Ia menegaskan, apa pun langkah yang diambil nantinya akan mempertimbangkan aspek kemanusiaan dan kebutuhan organisasi. Mohan masih berharap para tenaga honorer yang ada dapat tetap bekerja seperti biasa, selama mereka menunjukkan kinerja dan kedisiplinan yang baik dalam menjalankan tugas di masing-masing unit kerja.
“Tolok ukur yang paling mendasar kami pertimbangkan terkait kedisiplinan dan komitmen mereka terhadap pekerjaan,” katanya.
Namun, Mohan juga menegaskan tidak akan memberikan toleransi kepada honorer yang terbukti diangkat tanpa prosedur jelas dan tidak menunjukkan etos kerja yang baik. Menurutnya, Kota Mataram membutuhkan pegawai yang benar-benar aktif dan hadir, bukan sekadar nama di daftar gaji.
“Namun jika honorer yang pengangkatannya tidak sesuai ketentuan terbukti tergolong pemalas, keberadaannya bisa anulir karena Kota Mataram butuh pegawai yang rajin dan mau bekerja,” ujarnya.
“Kami tidak mau, mereka hanya terdaftar menjadi honorer dan terima gaji saja. Tapi tidak pernah bekerja,” katanya.
Sinyal serupa disampaikan Sekretaris Daerah (Sekda) Kota Mataram, H Lalu Alwan Basri. Ia mengakui indikasi pegawai non-ASN bodong sangat mungkin berkaitan dengan praktik titipan dari pejabat, kolega, atau pihak-pihak lain yang memiliki kedekatan tertentu.
“Indikasi pegawai non-ASN bodong tersebut kemungkinan atau bisa saja dari titipan pejabat, kolega, dan pihak-pihak lainnya,” ujarnya.
Meski demikian, Alwan menegaskan pemerintah kota tidak akan ragu mengambil langkah tegas jika hasil investigasi membuktikan adanya pengangkatan tenaga non-ASN yang tidak jelas dasar hukumnya maupun kinerjanya.
“Akan tetapi jika itu memang terbukti ada pegawai non-ASN tidak jelas pengangkatan dan kinerja, kami tentu bisa mengambil langkah tegas sesuai regulasi,” katanya.
Kasus dugaan honorer bodong di Mataram ini menambah deretan persoalan tata kelola kepegawaian di daerah, terutama menjelang penataan status tenaga non-ASN secara nasional.
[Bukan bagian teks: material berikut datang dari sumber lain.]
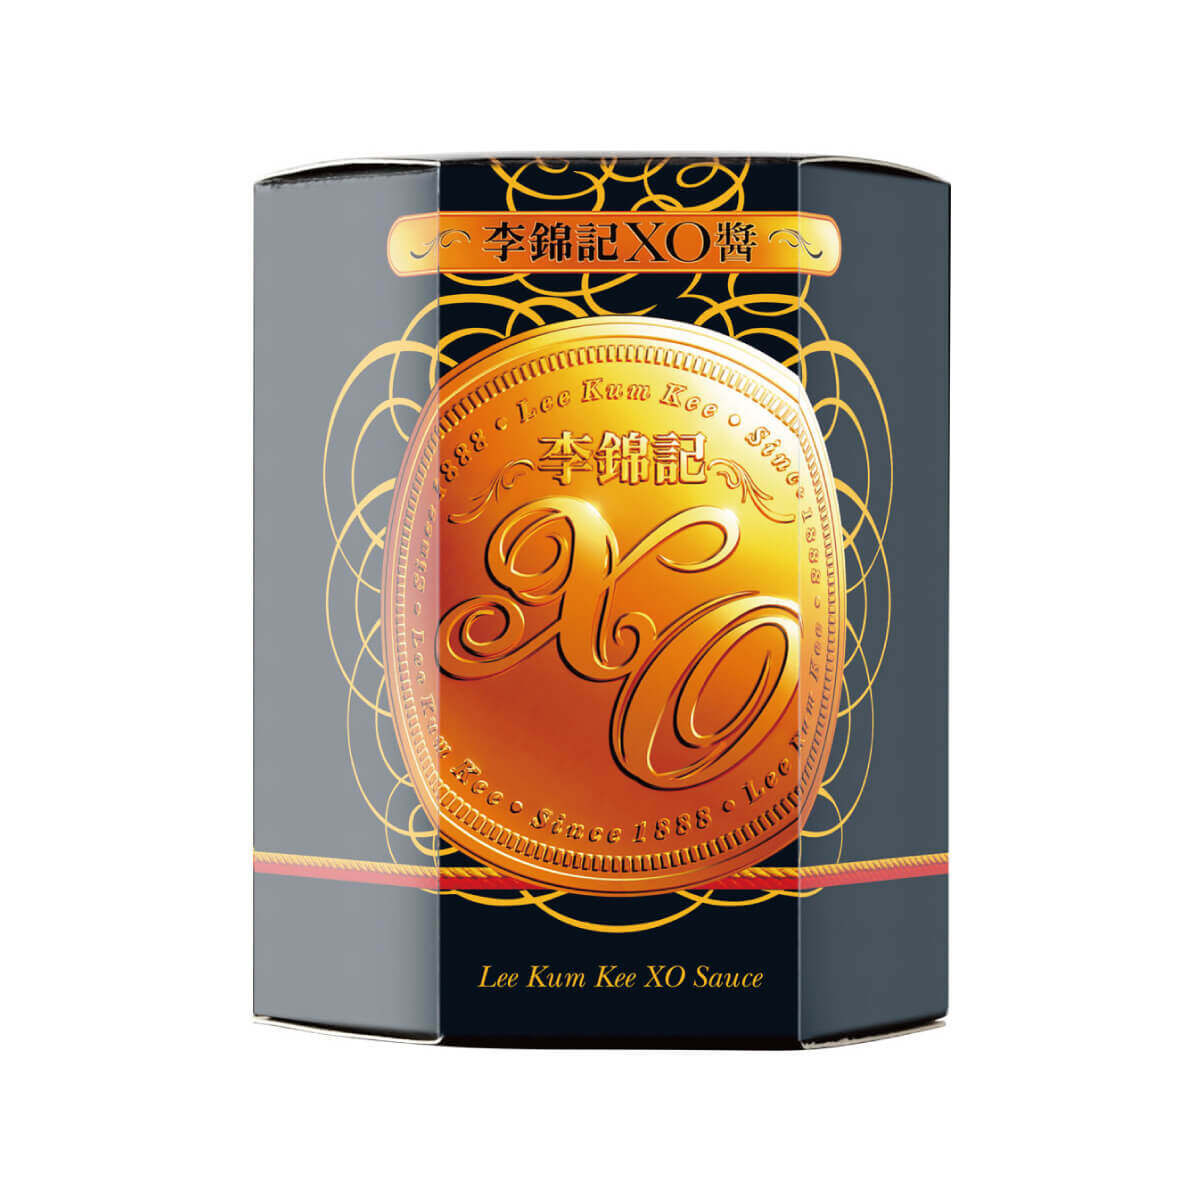 Sambal Surinaams Sauce | SPICE IT | 200g
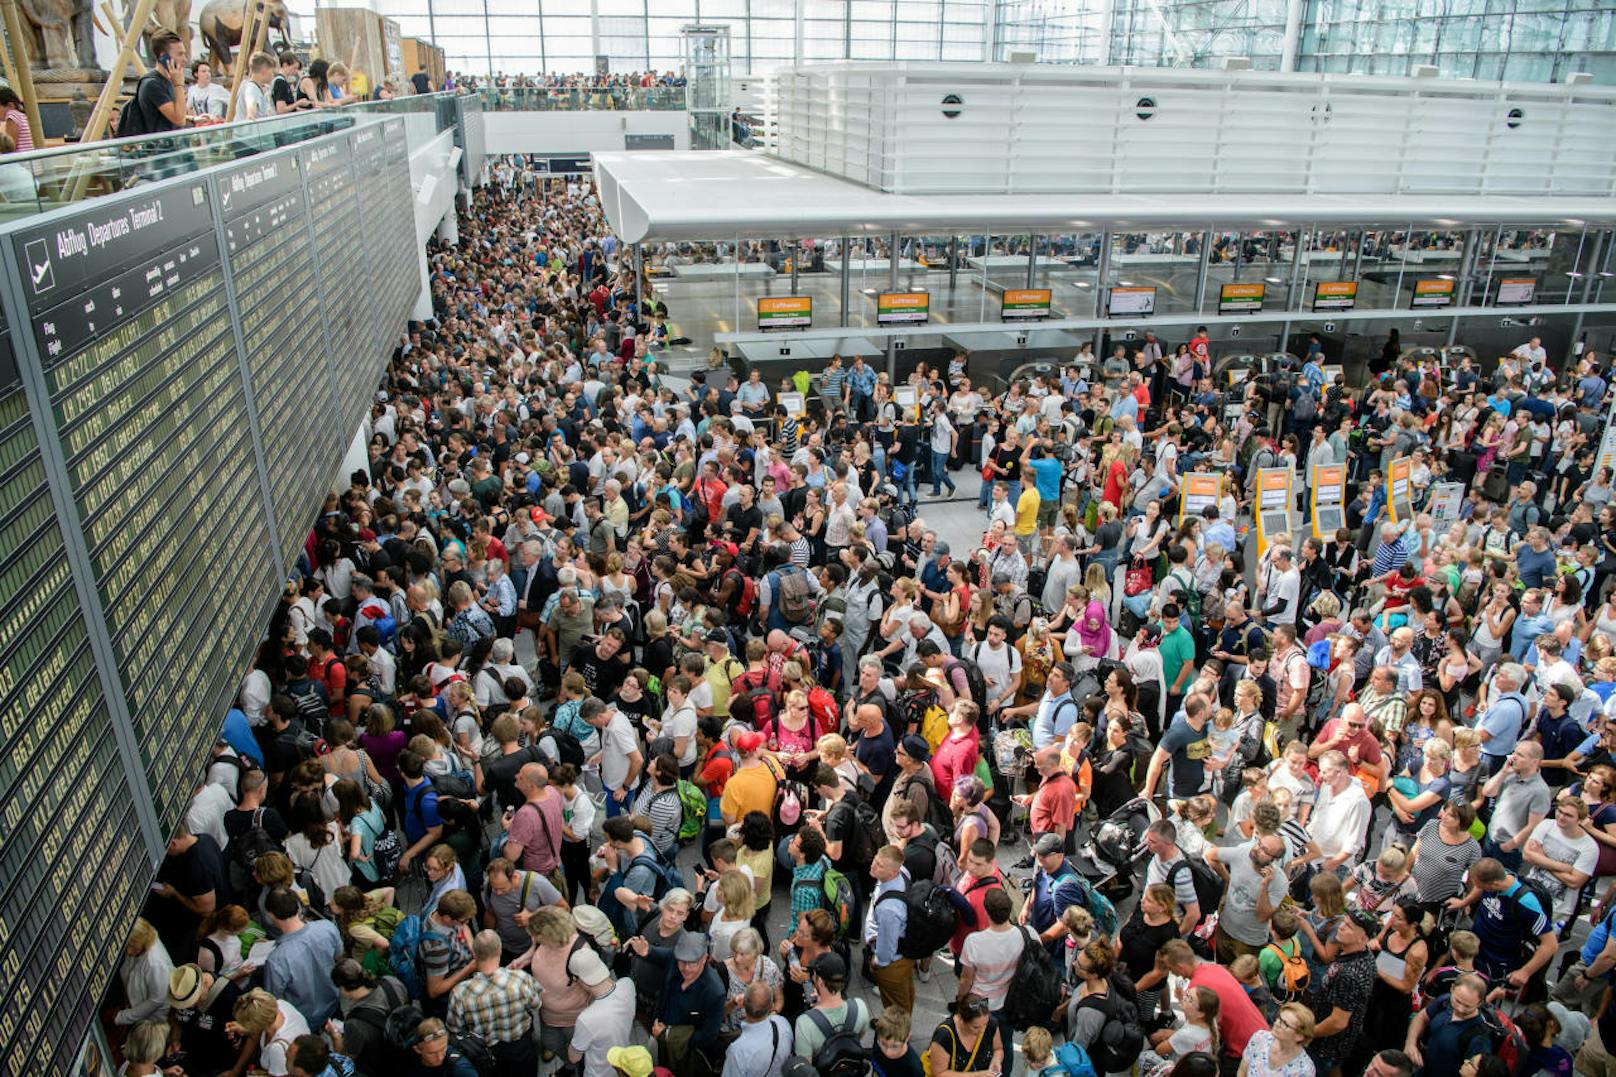 Zahlreiche Fluggäste warten am 28. Juli 2018 am Flughafen in München auf ihre Flüge. Wegen eines Polizeieinsatzes ist die Sicherheitszone im Terminal 2 vorübergehend gesperrt worden. <a href="https://www.heute.at/welt/news/story/Unkontrollierte-Person-Terminal-2-Flughafen-Muenchen-Polizeieinsatz-Verzoegerungen-41323116" target="_blank">Hier weiterlesen >>></a>

Pemerintah kota kini berada di persimpangan antara menjaga hak para pegawai dan menegakkan aturan agar sistem kepegawaian lebih tertib dan akuntabel.
Pada akhirnya, keputusan atas 655 honorer non-data base BKN tersebut akan menjadi ujian bagi komitmen Pemkot Mataram dalam membersihkan praktik titipan sekaligus melindungi tenaga honorer yang benar-benar bekerja dan dibutuhkan untuk pelayanan publik.